Releia a crônica de Nina Horta:
Inapetência
De repente eram três netos. Um que dividia o mundo em coisas comíveis e coisas incomíveis. Lembro do Pedro pequenininho, andando de mão dada com o pai na praia e apontando umas cracas nas pedras. “É de comer ou não, Papi?”. E se o Papi dissesse que sim, goela abaixo. Quando o coelho de Páscoa vivo que ganhou fazia artes além das permitidas, segurava pelas orelhas, levava até a boca do forno e dizia: “olha só o que te espera se não ficar quieto”. O coelho em questão, de manhã bem cedo, vinha bater no vidro da sala pedindo pressa no café da manhã. Úrsula, a neta de cinco anos, simplesmente não comia. Lembro que uma vez quis conquistá-la pela boca e levei ao shopping para comer uma batata assada. Na mesma hora percebi o erro, com a cara desolada dela frente àquela imensa batata, imensamente cheia de queijos.

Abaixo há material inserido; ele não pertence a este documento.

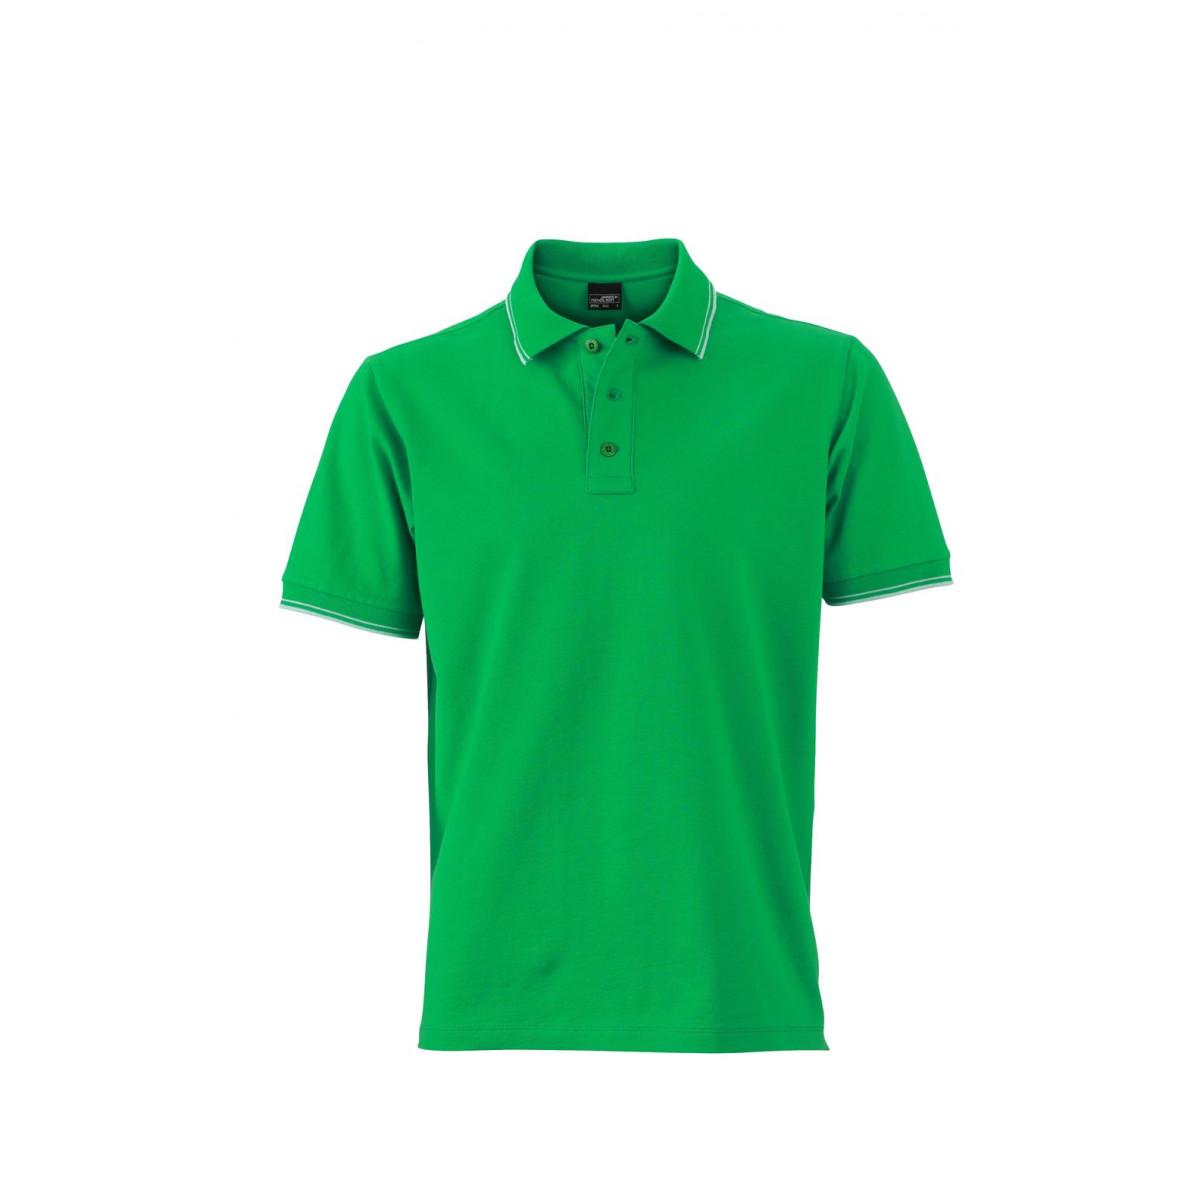 Рубашка поло мужская JN986 Mens Polo - Насыщенный зеленый/Белый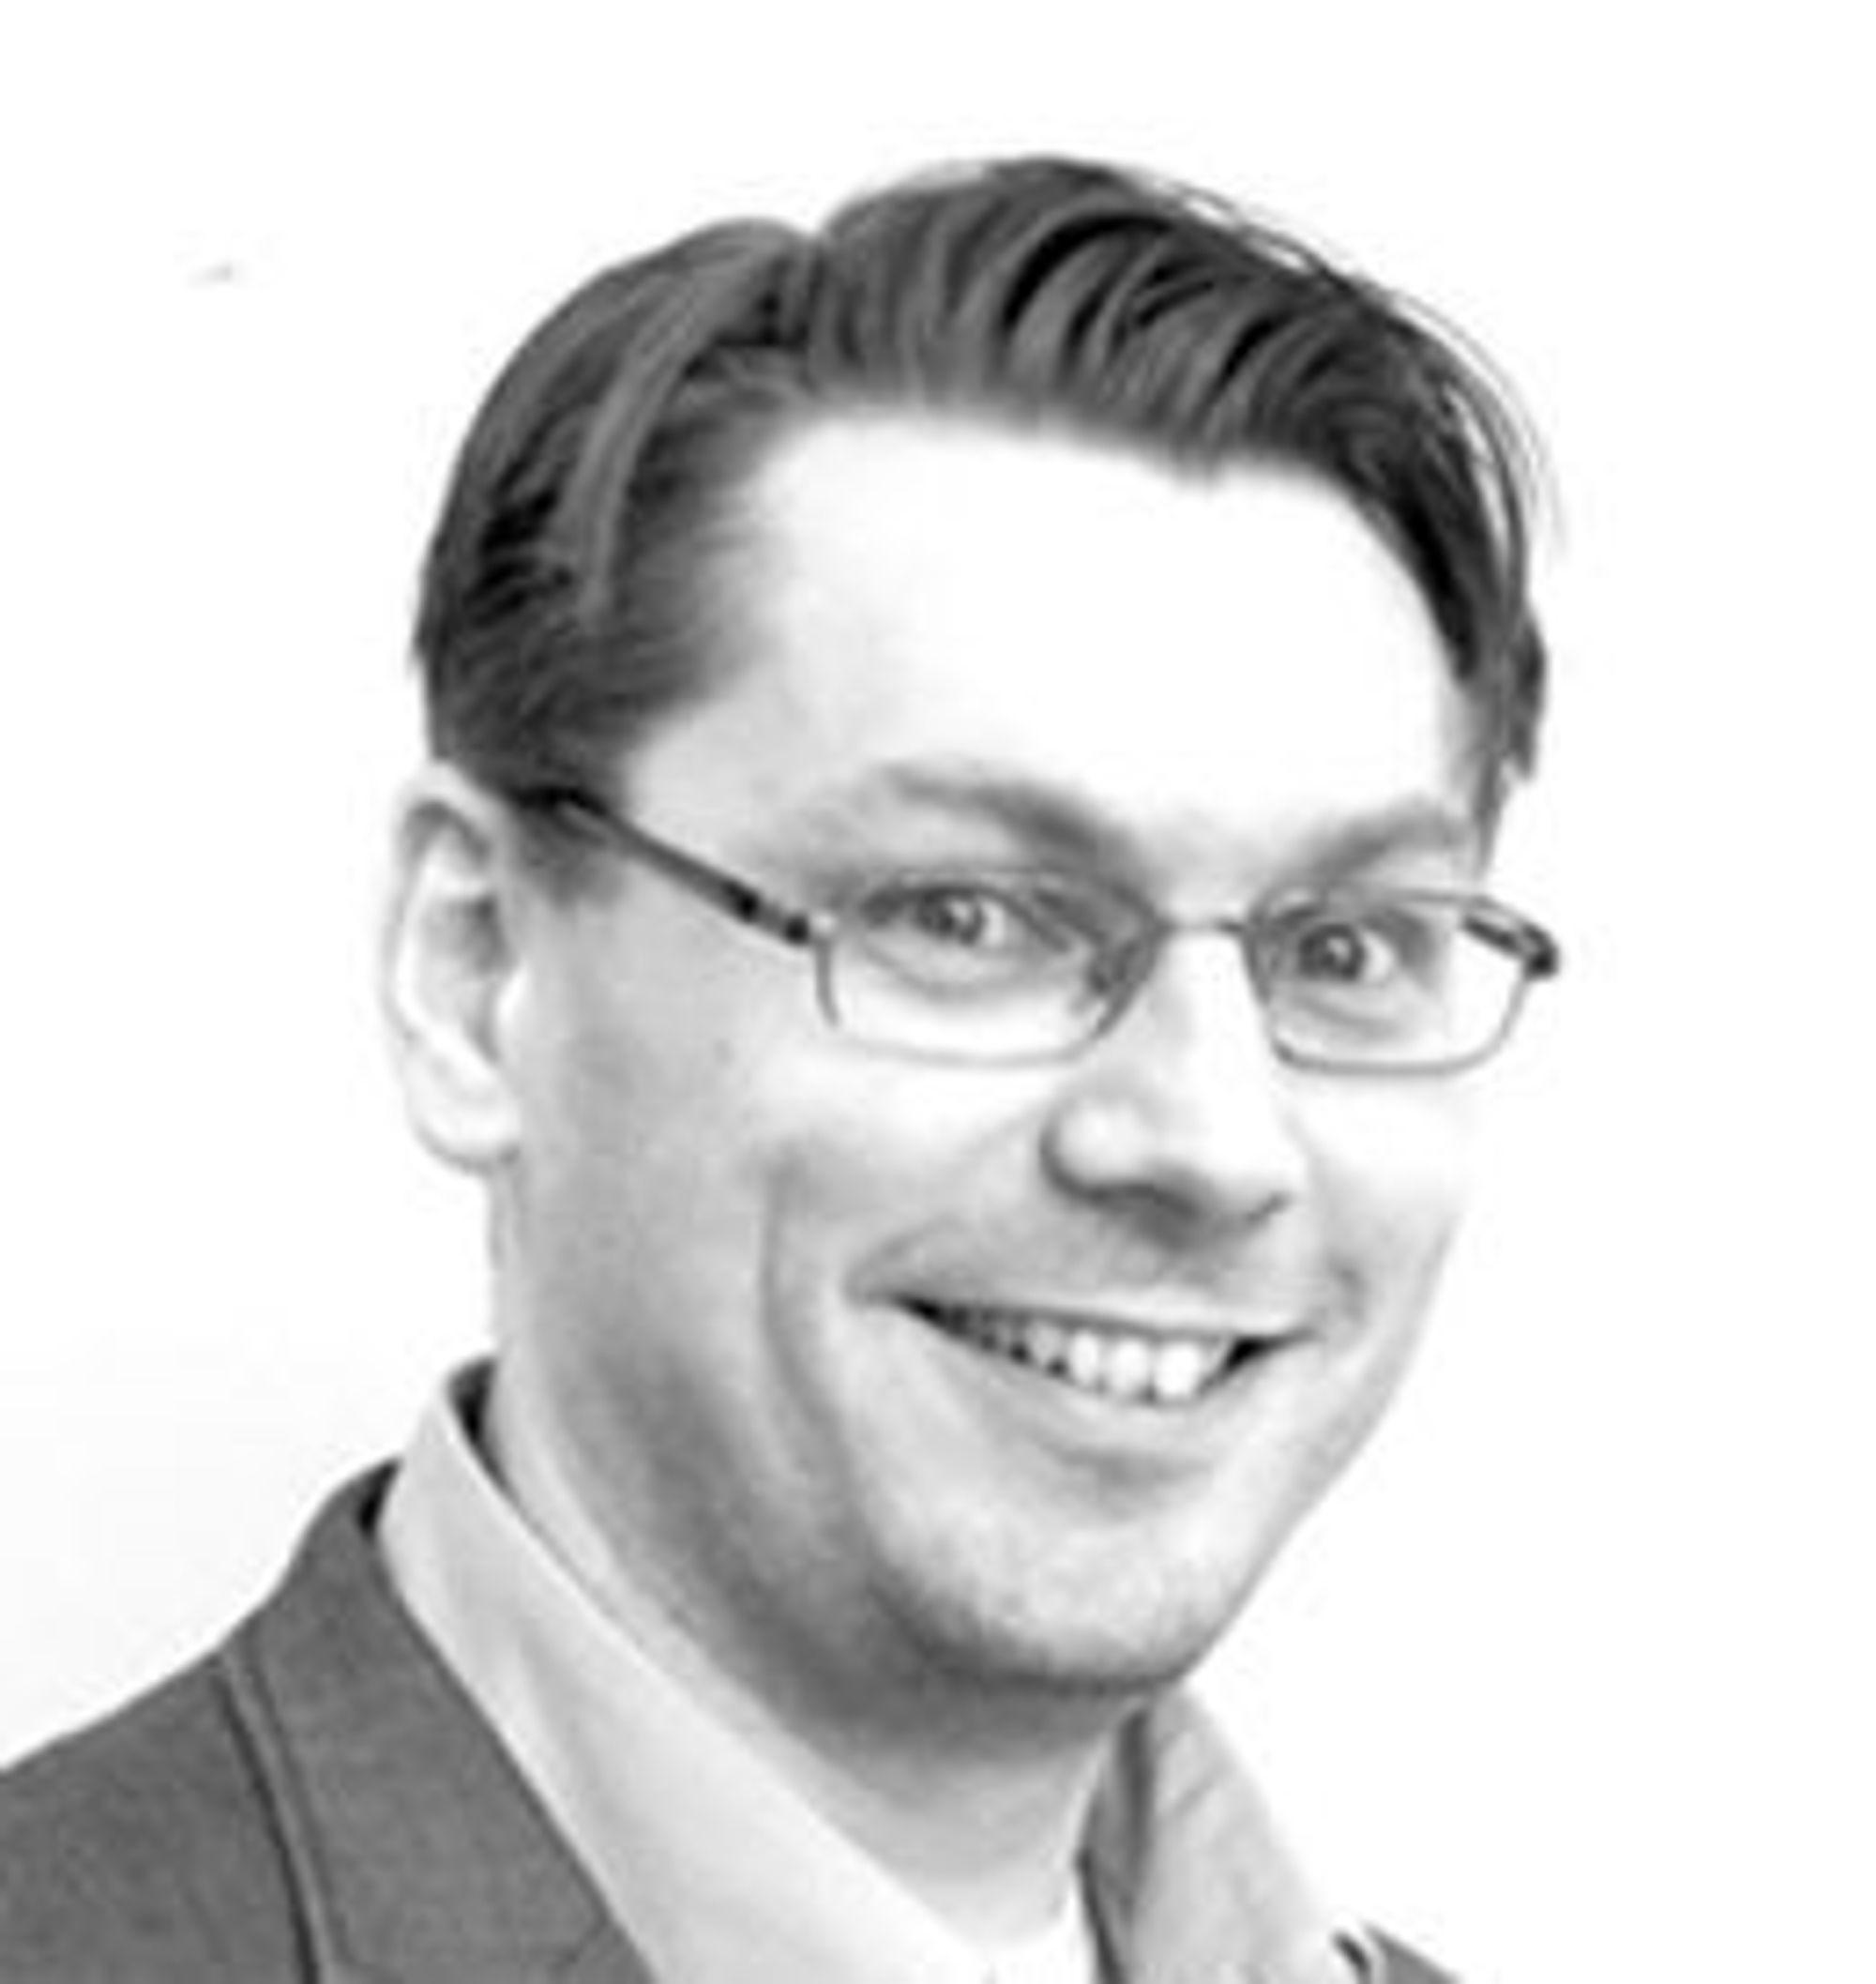 Daglig leder i INMA Kenneth Eriksen mener tallene viser styrken til digitale plattformer.

Só faltou chorar, impossibilitada de sair correndo e deixar para trás aquele perigo untuoso e cascudo.
Uma vez encheu-se de coragem e resolveu ir a Paraty com o avô e a avó, fazendo de tudo que quiséssemos. Paramos na orgânica Fazenda Santa Bárbara, que não tinha refrigerantes, só sucos e todo o resto verde que costuma acontecer em lugares vegetarianos. A certa altura da escolha, pendurou os olhos em nós e suplicou. “Mas, aqui só tem coisa saudável?” Tinha puxado a avó no gosto por um monte de tranqueira. Mas, obediente, comeu de tudo e mal conseguiu chegar ao sítio para vomitar de jorro aquela saúde toda.
Laura era a caçula. Magra, loirinha, parecia frágil, e absolutamente não comia. Nada. Não tinha fome. Eu fazia um café da manhã em minixícaras de boneca, minicálices e inventava sanduíches do tamanho de uma unha feitos com ervas do jardim. Era o máximo que ela aguentava.
Em que deram essas enjoadas netas?
Gente saudabilíssima, que come de tudo. A Úrsula passou as férias numa ilha de pescadores e manda fotos de lagostas quase vivas, de moquecas, de peixes jamais vistos.
Pedro que nunca vacilou no caminho de comer bem vocifera contra os restaurantes de grife, odeia comida ruim, odeia comida cara, e até é um especialista em carnes e cozinha bem. [...]
E a Laura, a magrela irritante? De presente de aniversário pediu um jantar no D.O.M, foi lá vestida para matar, graças a importância da farra. Nessa semana, de mochila nas costas, de férias do seu sabático inglês, marcou hora no Noma, e vai comer lá. Espero que o cozinheiro tenha mudado o menu porque não aguento mais ouvir falar em camarões vivos mordendo a ponta da língua dos clientes e no caso a ponta da língua da minha neta!
HORTA, Nina. Inapetência
No final da crônica, narradora mostra que
Todas as personagens, quando adultos, mudaram seus hábitos alimentares da infância.
B
Apenas Úrsula manteve seus hábitos: continuou comendo exclusivamente peixes e frutos do mar.
C
Laura continuou sem apetite, recusando todas as comidas que considera “incomíveis”.
D
Apenas Pedro manteve seus hábitos, comendo de tudo, sem exigências de gastronomia sofisticada.